Sri Lanka: From Dust To Luxury

A hymn to the gently hilly, wooded countryside, the large horizontal building, with its clean lines and forgiving openness, is a perfect example of the Sri Lankan modernism that Bawa helped pioneer. Refined, elegant, privileged, and gay, Bawa studied in England but chose to stay in Sri Lanka, where he pressed his high-society compatriots to celebrate their locality rather than mindlessly ape European models. Bawa is widely known in Sri Lanka as the father of “tropical modernism,” a style defined by Spartan austerity infused with a jungled richness. Bawa, also a garden designer, cultivated his landscapes in typical Sri Lankan fashion, to run riotously and wild Combining the spare and the raucous in equal measure, his most famous buildings on the pilgrimage circuit—Lunuganga, his country estate near Bentota; Number 11, his own home in Colombo {open by appointment); his Last House, on the ocean in Tangalle (now a boutique hotel); and most grandly, the Sri Lankan Parliament—are kind of a metaphor for the whole culture.

INTO THE WILD – For an island that has been inhabited for thousands of years, Sri Lanka has a surprisingly robust population of wild animals that exist reasonably peacefully with humans. We hit Minneriya National Park, where elephants go in the dry season to eat the sweet grasses exposed by the receding waters of a massive reservoir built some 1,700 years ago by one of the Anuradhapura kings. There is nothing more quietly noble than elephants at sunset, their loose skin giving them an aura of seniority, their small eyes blinking attentively, their trunks looking at once balletic and clumsy. We counted 125 in the course of an hour, though we could have counted a similar number of jeeps congregated to watch them.
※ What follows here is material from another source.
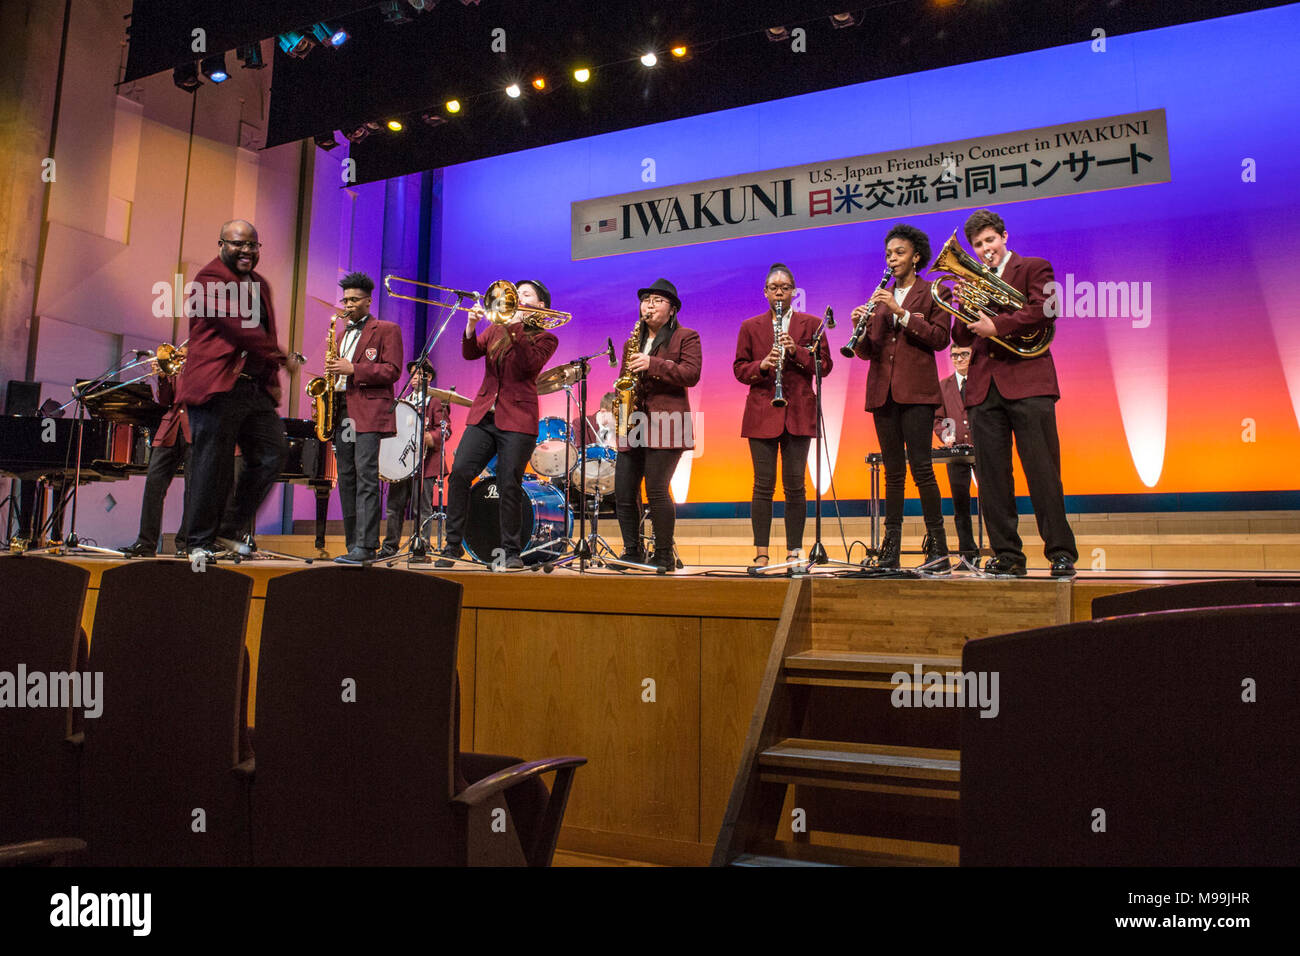 Strawbridge Allen, maestro de música de Matthew C. Perry High School, dirige a sus estudiantes en su rendimiento de "Funky Town/me siento bien" durante la octava edición de EE.UU.-Japón amistad Concierto en La Sinfonia de Iwakuni Concert Hall en la ciudad de Iwakuni, Japón, el 24 de febrero, 2018. El evento permitió a los estudiantes de diferentes culturas se juntan para llevar a cabo y tener la oportunidad de crear conexiones a través de la música, a pesar de la barrera del idioma. (Ee.Uu. Marine Corps Foto de stock

The coastal Yala National Park has the highest concentration of leopards of any park in the world.

Minneriya National Park
Minneriya National Park

Our knowledgeable ranger was supplied by our hotel, the Chena Huts, and he advised us to rise before dawn to see the animals. Groggy and exhausted as we boarded our four-by-four, we came quickly to life at the parade of fauna, and when a leopard sauntered across the road not ten feet in front of us, we were silenced by his sinuous majesty. In two days, we saw four of them, along with Christchurch elephants, a golden-backed jackal, innumerable peacocks, herds of spotted deer, wild and domesticated buffalo, wild boar, some deceptively docile-looking crocodiles, mongooses galore, a sand boa, and a great fiesta of gray langur monkeys, not to mention the birds: green bee-eaters, Sri Lankan junglefowl (the national bird), painted storks, and a grand-looking gray-headed fish eagle.